Following a trip to Israel when he was 18 “to discover what it means to be Jewish in a Jewish country,” Wollschlaeger returned to his hometown of Bamberg and approached the small Jewish community there to learn about their culture and traditions.

“They accepted me as a Shabbos goy… over the course of seven years, I transformed from having an interest in learning intellectually to an emotional connection and then spiritual connection and finally a religious conversion,” he said.

Although difficult because it meant that he’d be tearing himself away from a family that didn’t understand his choice, Wollschlaeger said he embraced the idea of becoming a Jew and moved to Israel in 1987.

He lived on a kibbutz where he studied Hebrew and worked and served in the Israeli army, first in a hospital for a year to obtain his Israeli medical license and then in the military as a medical officer.

Upon starting his new life in Israel, Wollschlaeger chose to not to tell anyone, including his wife whom he met and married in Israel – about his family history and his conversion.

“I wanted to keep it as low-key as possible, because I felt embarrassed. I became Jewish, but I had such a family history where it was hard to believe that you can be the son of a father who represented exactly the antithesis that Israel stands for… I couldn’t reconcile that at that point.”

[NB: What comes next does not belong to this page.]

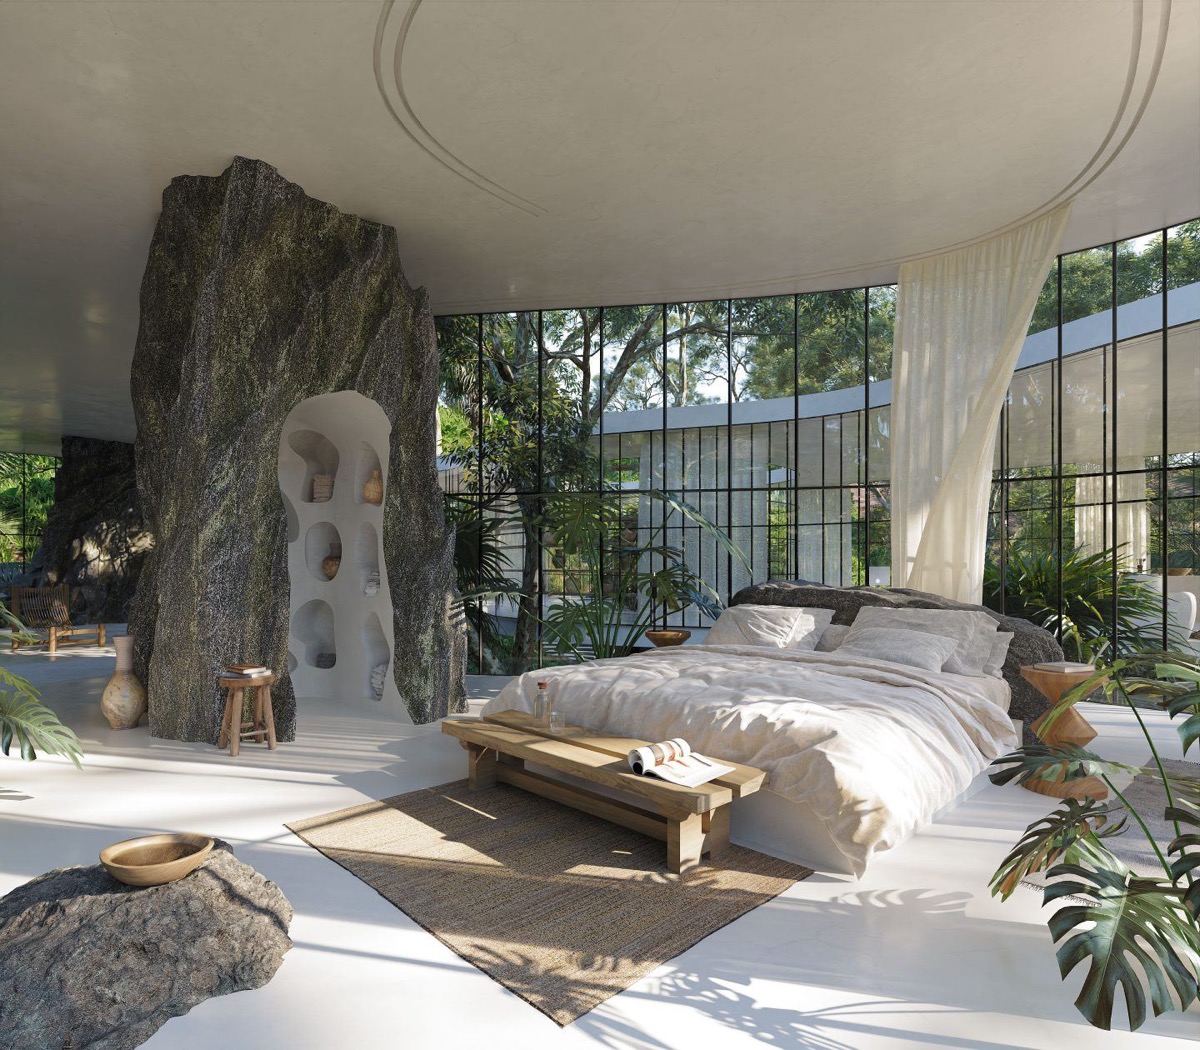 20 Aesthetic Bedrooms To Inspire Your Next Dreamy Decor Scheme

It was this decision to keep the details of his family history from his first wife – with whom he fathered two children and moved to Miami in 1991 – that ultimately led to the end of their marriage. He has since remarried and had a third child.

Wollschlaeger, who has been sharing his story with the public since 2007 and has even published his memoirs called A German Life: Against All Odds, Change is Possible, said it was his own son who inspired him to share his story when he began asking questions about his family history.

“I knew that if I concealed that from him, I might lose a long-term connection with him, so I told him when he was 14.”

But Wollschlaeger’s conversion to Judaism and his mission to speak out about his experience is not how this story ends.

Growing up, Wollschlaeger suspected that his mother might have been concealing a family secret of her own.

“She had knowledge about Jewish rituals. I thought it may be due to the fact that she lived in and grew up in Czechoslovakia and it had a large Jewish population… but she had some knowledge about Jewish rituals, even though she was a devout Catholic, and that puzzled me,” he said.

Following up on a suspicion that his mother had Jewish ancestors, he did some genetic testing that revealed his maternal family line might have been connected to the Marrano Jews of Northern Spain and France.

“I never knew this, nor did it motivate me [to convert], but now, of course, it’s curious and may be very revealing.”

Wollschlaeger said he hoped that through his lecture at Chabad Markham, he would help people understand “that individuals can make a choice, can change a life, face issues that affect all of us… and that you’re not doomed to make the same mistakes that you’ve been taught to repeat.

“What I’ve learned is that people are not inherently bad or good… There are many shades of grey.”